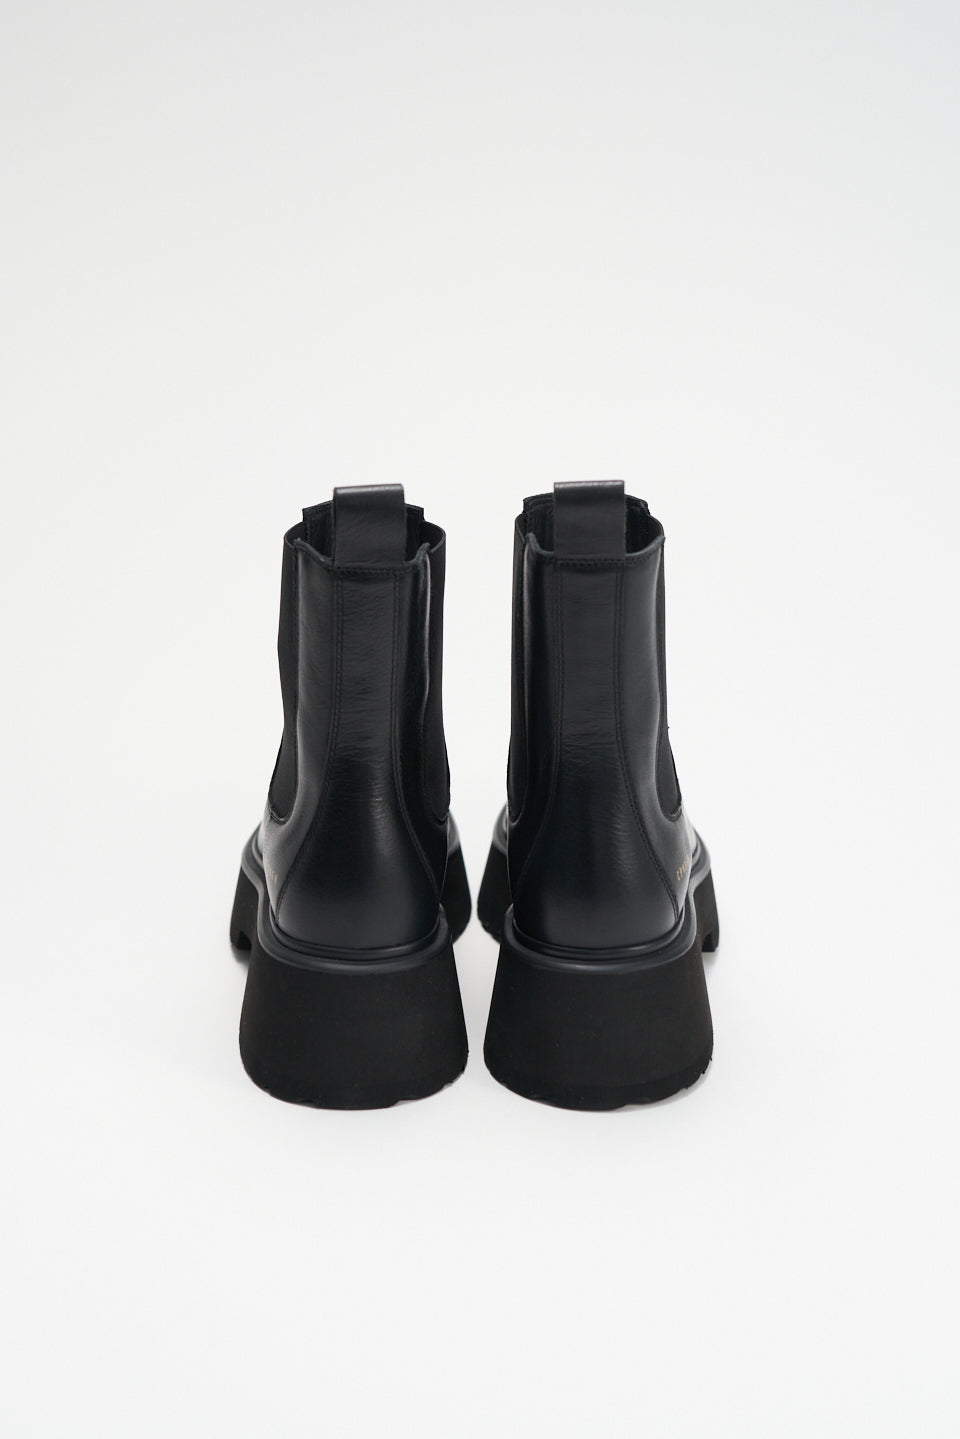 Vitello Black Low Chelsea Boots CPH683_BLACK - 5
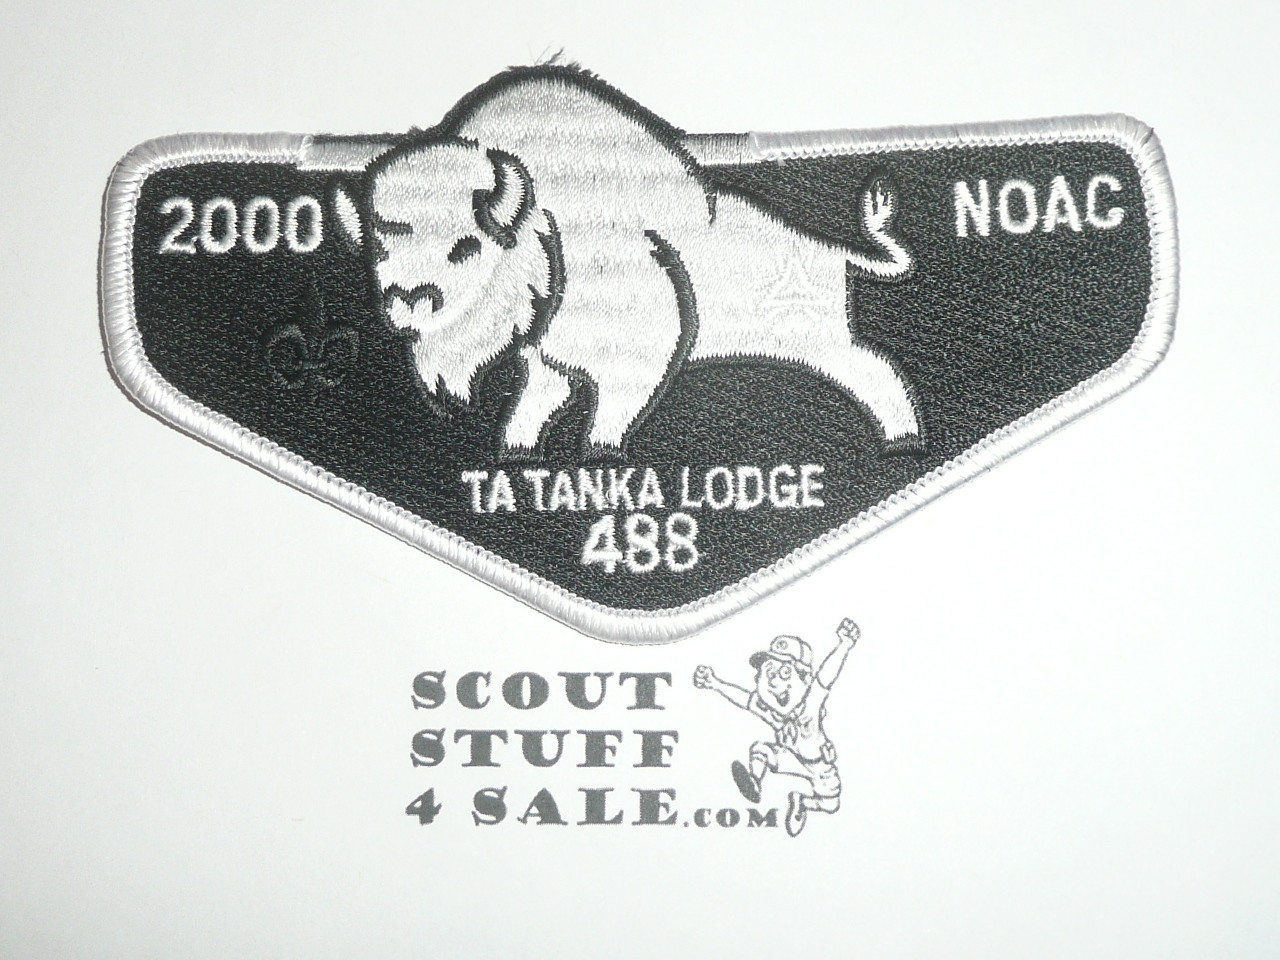 Order of the Arrow Lodge #488 Ta Tanka zs1 2000 NOAC Flap Patch
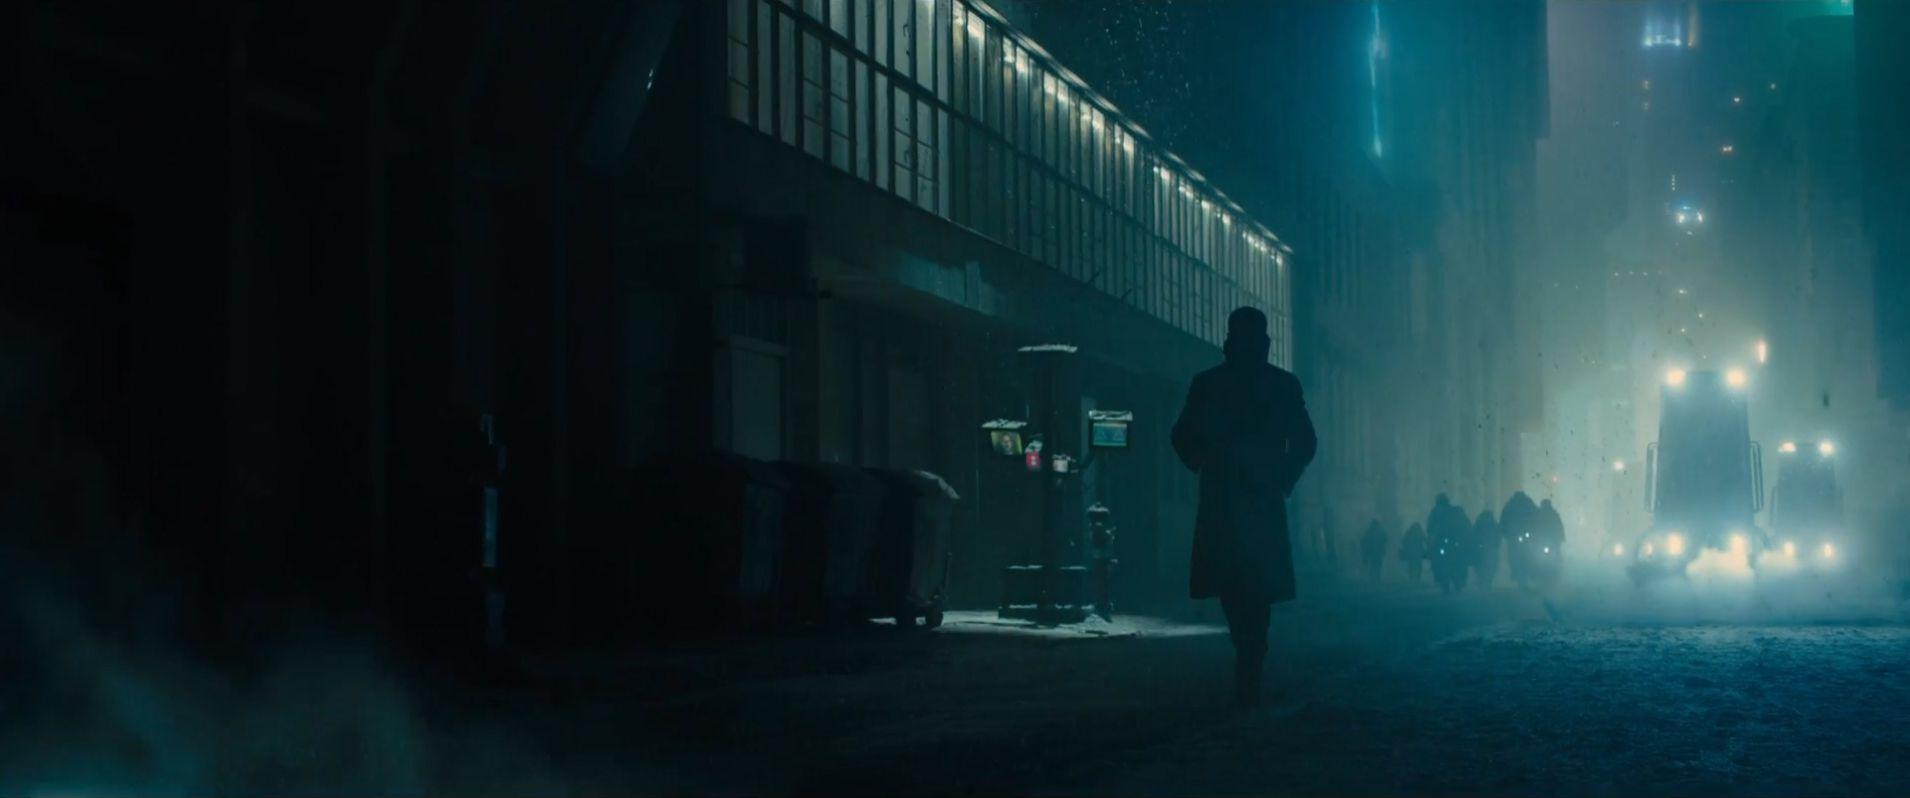 Blade Runner 2049 Wallpapers - Wallpaper Cave

----

-- Assigned task --
Since the pictures are not wanted, transcribe only the rest of the material above, exactly as it stands.

-- Task response --
 Vitello Black Low Chelsea Boots CPH683_BLACK - 5
 Order of the Arrow Lodge #488 Ta Tanka zs1 2000 NOAC Flap Patch
 Blade Runner 2049 Wallpapers - Wallpaper Cave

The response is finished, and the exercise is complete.